Ultrasound coupling gel was applied to ensure appropriate acoustic impedance matching between the transducer and the rat skull. During ultrasound exposure and MRI procedures, rats were anesthetized with a 2% isoflurane/air mixture, and body temperature was maintained using a forced-air heating system.
The ultrasound transducer was stereotactically mounted (RWD Life Science, China) and positioned on the intact skull surface above the hematoma location, corresponding to the cranial burr hole used for ICH induction. Ultrasound was delivered transcranially to the underlying brain tissue. Because no Doppler sampling gate was used, parameters such as insonation depth selection and sample volume positioning are not applicable in this therapeutic context. Given the small skull thickness and limited scalp-to-brain distance in rats, transcranial ultrasound exposure from the cranial surface resulted in effective insonation of the cortical and perihematomal brain regions for both probe frequencies. Ultrasound treatment was administered once daily for 60 min/day over 7 consecutive days following ICH induction (Figure 1B).
Magnetic resonance imaging
MRI was performed on a 7.0-T scanner (Bruker, Germany). During the MRI scans, the rats were anesthetized with intraperitoneal injection of pentobarbital (45 mg/kg). Their body temperature was maintained at approximately 37 °C. T2WI were acquired using a fat-suppressed RARE sequence (TR/TE = 3380/41 ms, field of view = 55 × 55 mm^2^, matrix size = 384 × 384, in-plane resolution = 0.143 × 0.143 mm^2^, slice thickness = 0.8 mm), with 27 consecutive coronal slices acquired to ensure full coverage of the hematoma, ventricular system, and surrounding brain tissue, for lesion volume assessment. SWI (TR/TE = 20/10 ms, field of view = 35 × 35 mm^2^, matrix size = 384 × 384, in-plane resolution = 0.091 × 0.091 mm^2^, slice thickness = 0.5 mm) was performed to quantify hematoma volume with 33 consecutive coronal slices acquired for complete lesion coverage.

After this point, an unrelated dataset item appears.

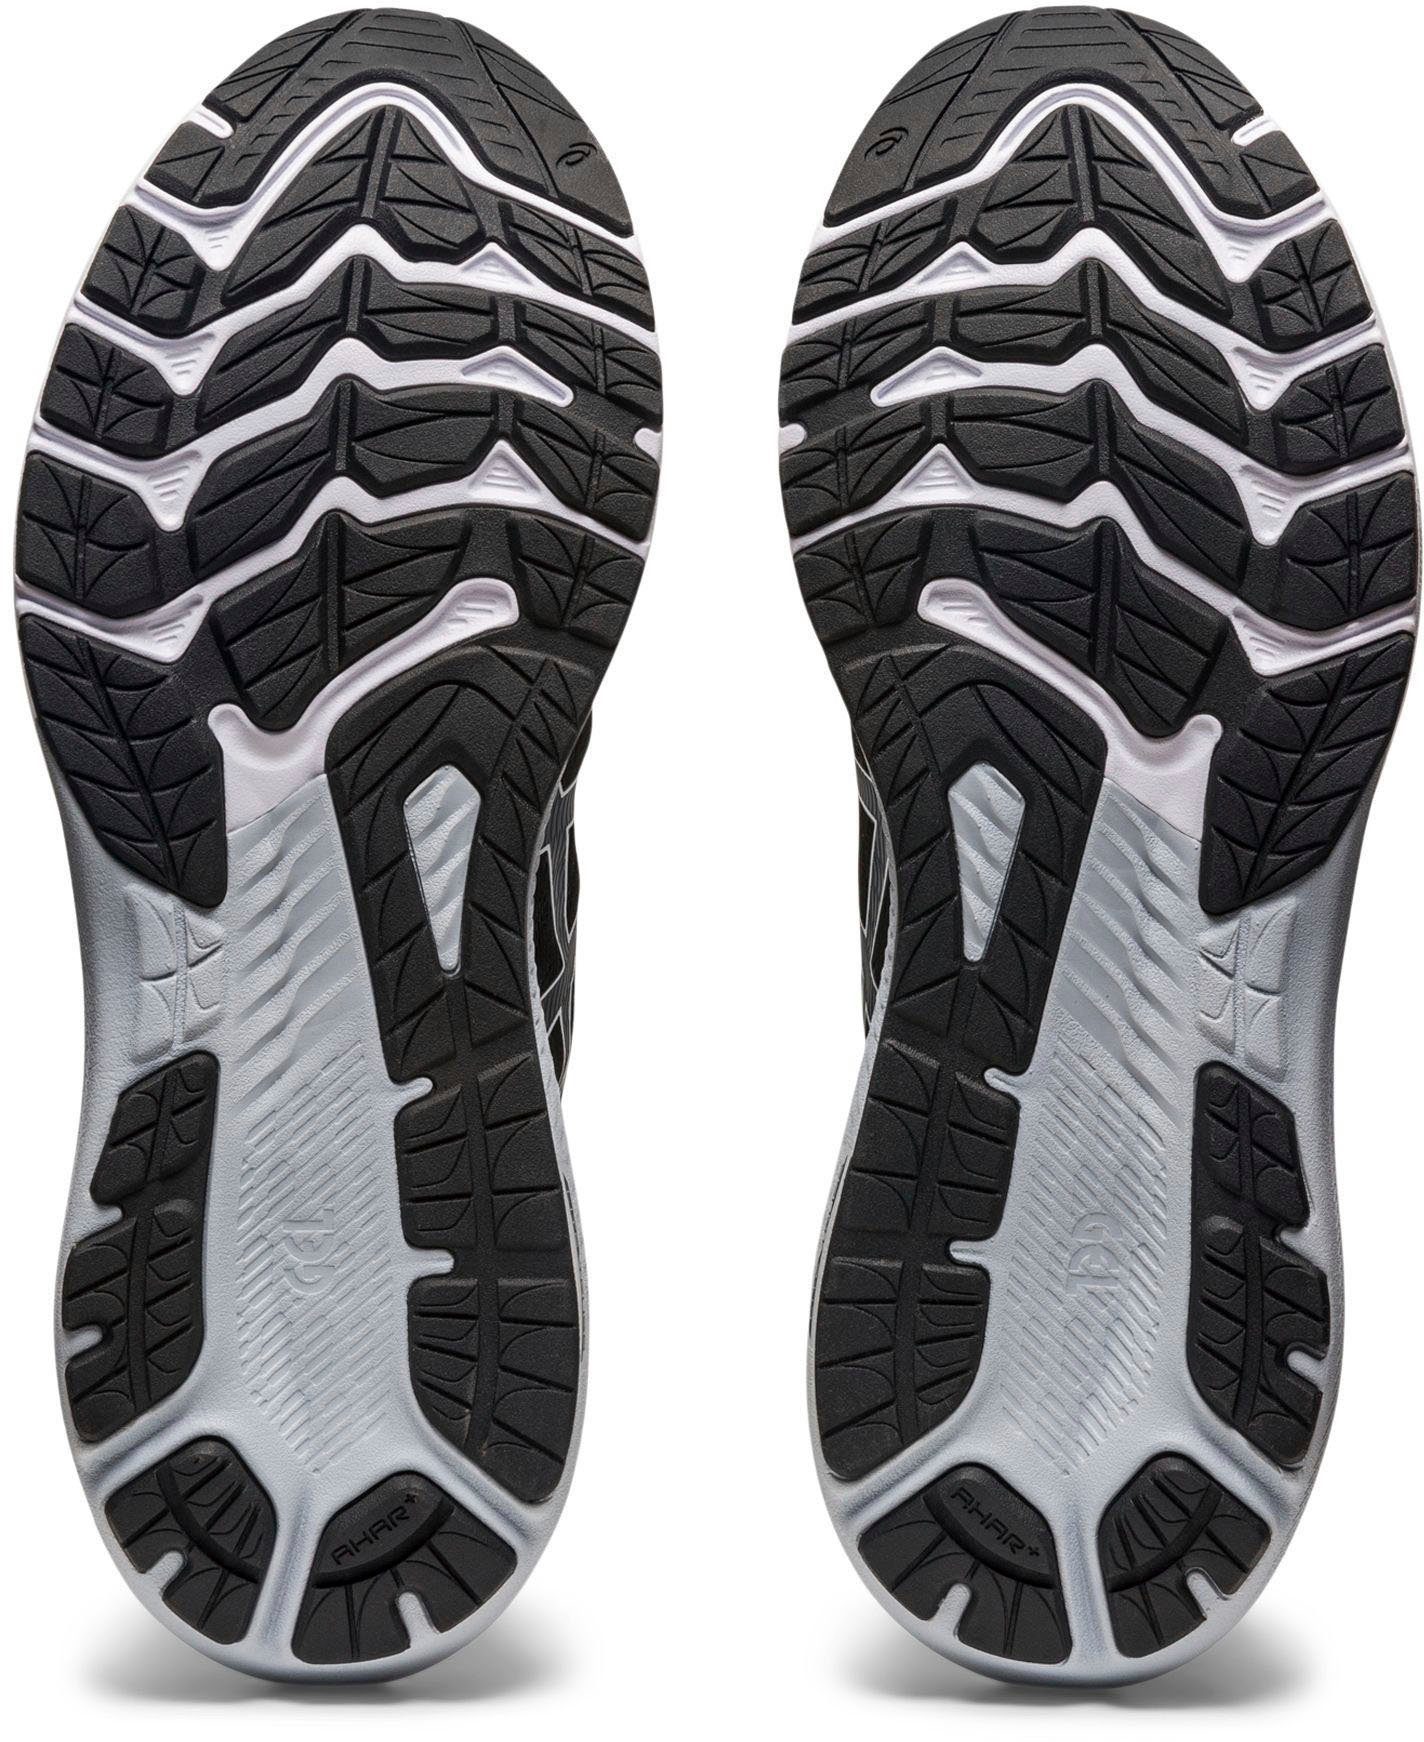 Asics GT-2000 11 schwarz-weiß Laufschuh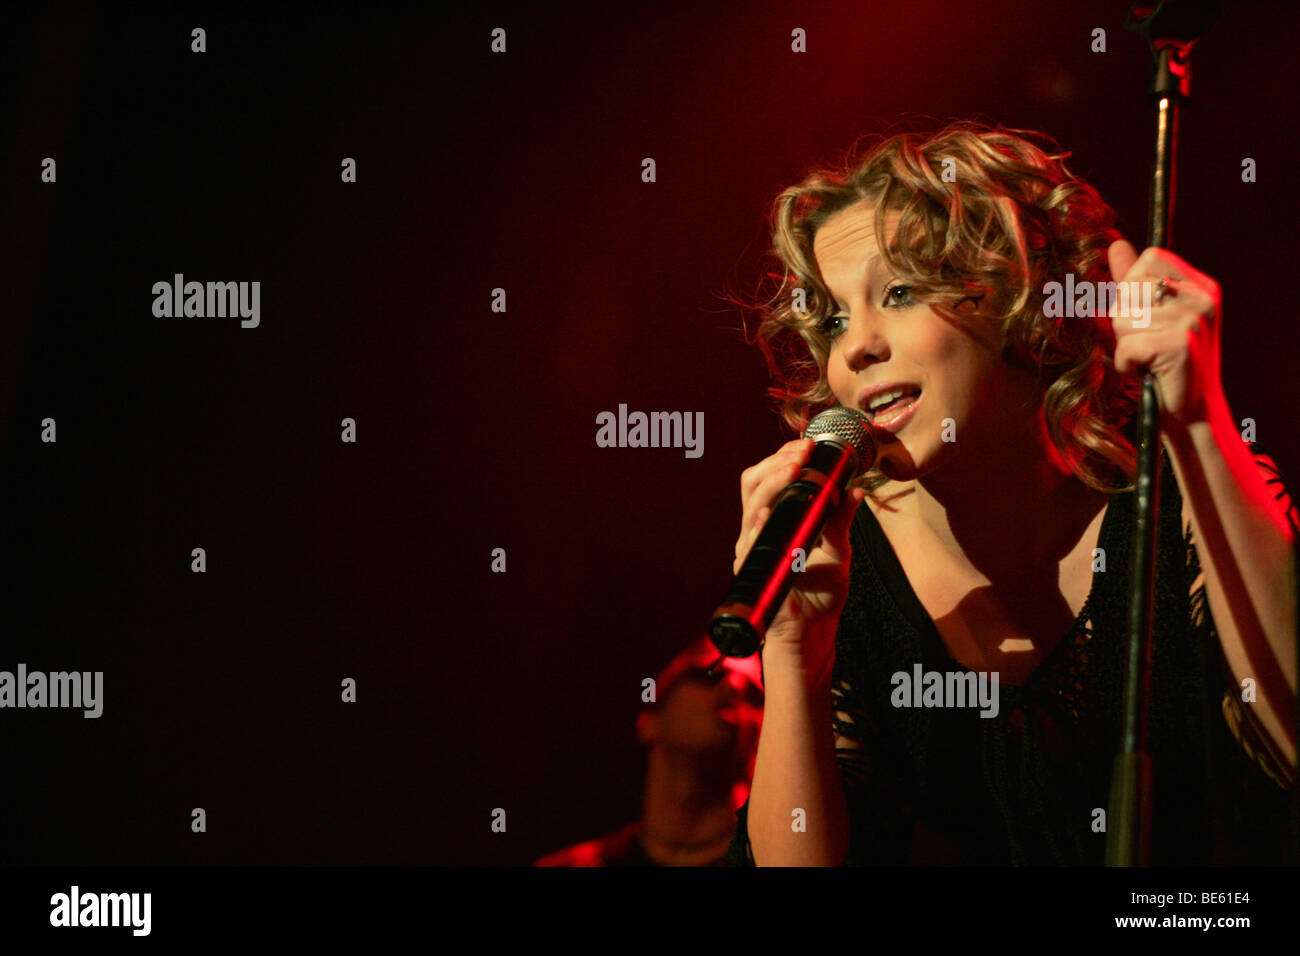 LaFee, deutsche Pop-Sängerin, live im Club X-Tra in Zürich, Schweiz  Stockfotografie - Alamy

T2WI and SWI datasets were manually segmented using ITK-SNAP (version 3.8.01), with hematoma and lesion volumes calculated by tracing regions of interest (ROIs). For quantitative analysis, ROIs were delineated on all consecutive slices covering the hematoma, ventricular system, and perihematomal region. Volumetric measurements were obtained by summing ROI areas across slices and multiplying by slice thickness. This volumetric analysis strategy applies to all MRI-based outcome measures, including parenchymal hematoma, intraventricular hematoma, intracerebral hematoma, and PHE. PHE volume was derived by subtracting hematoma volume from total lesion volume. MRI scans were conducted at days 1 and 7 post-ICH. In the present study, hematoma clearance rates were used as primary endpoint, which was calculated as: (hematoma volume at day 1- hematoma volume at day 7) hematoma volume at day 1 × 100%. In addition, PHE volume clearance rate was evaluated as well, which was calculated as:(PHE volume at day 1- PHE volume at day 7)/PHE volume at day 1 × 100%. All MRI analyses were conducted by two independent investigators blinded to group allocation. Each investigator independently analyzed the complete MRI dataset, including all animals and time points, using the same predefined ROI delineation protocol.
Behavioral tests
The corner turn test and forelimb use asymmetry were used for neurological assessment as previously described (21). Both tests were performed at baseline (day 0) and post-ICH days 1, 3, and 7. Forelimb use asymmetry was quantified by recording the frequency of ipsilateral (I), contralateral (C), and bilateral (B) forelimb contacts during vertical rearing activity. The asymmetry score was calculated as: (I − C)/ (I + C + B) × 100%. In the corner turn test, rats freely entered a 30°-angled corner, and their turning direction (left/right) was recorded over 20 consecutive trials. The percentage of right turns relative to total trials was computed. All behavioral assessments were evaluated by an investigator blinded to experimental groups.
Statistical analysis
Data were expressed as mean ± standard error of the mean (SEM). One-way and two-way ANOVA were employed to determine significant differences between groups. Bonferroni post hoc analysis was utilized for multiple comparisons correction. Statistical significance was defined as p < 0.05. All analyses were conducted using GraphPad Prism 9.0 (GraphPad Software, Boston, MA, United States).
Results
Ultrasound treatment and parenchymal hematoma clearance
Parenchymal hematoma size was evaluated using SWI at days 1 and 7 following intracerebral injection of 60 μL autologous arterial blood (Figure 2A). As shown in Figure 2B, ultrasound treatment significantly enhanced hematoma clearance rates in the ICH + 2 MHz group compared to untreated ICH controls (47.7 ± 6.86% vs. 20.40 ± 4.62%, p = 0.002). Similarly, the ICH + 8 MHz group also exhibited significantly higher hematoma clearance rates than untreated ICH controls (47.82 ± 5.10% vs. 20.40 ± 4.62%, p = 0.011). Notably, no intergroup difference was detected between the 2 MHz and 8 MHz ultrasound protocols (47.7 ± 6.86% vs. 47.82 ± 5.10%, p > 0.05).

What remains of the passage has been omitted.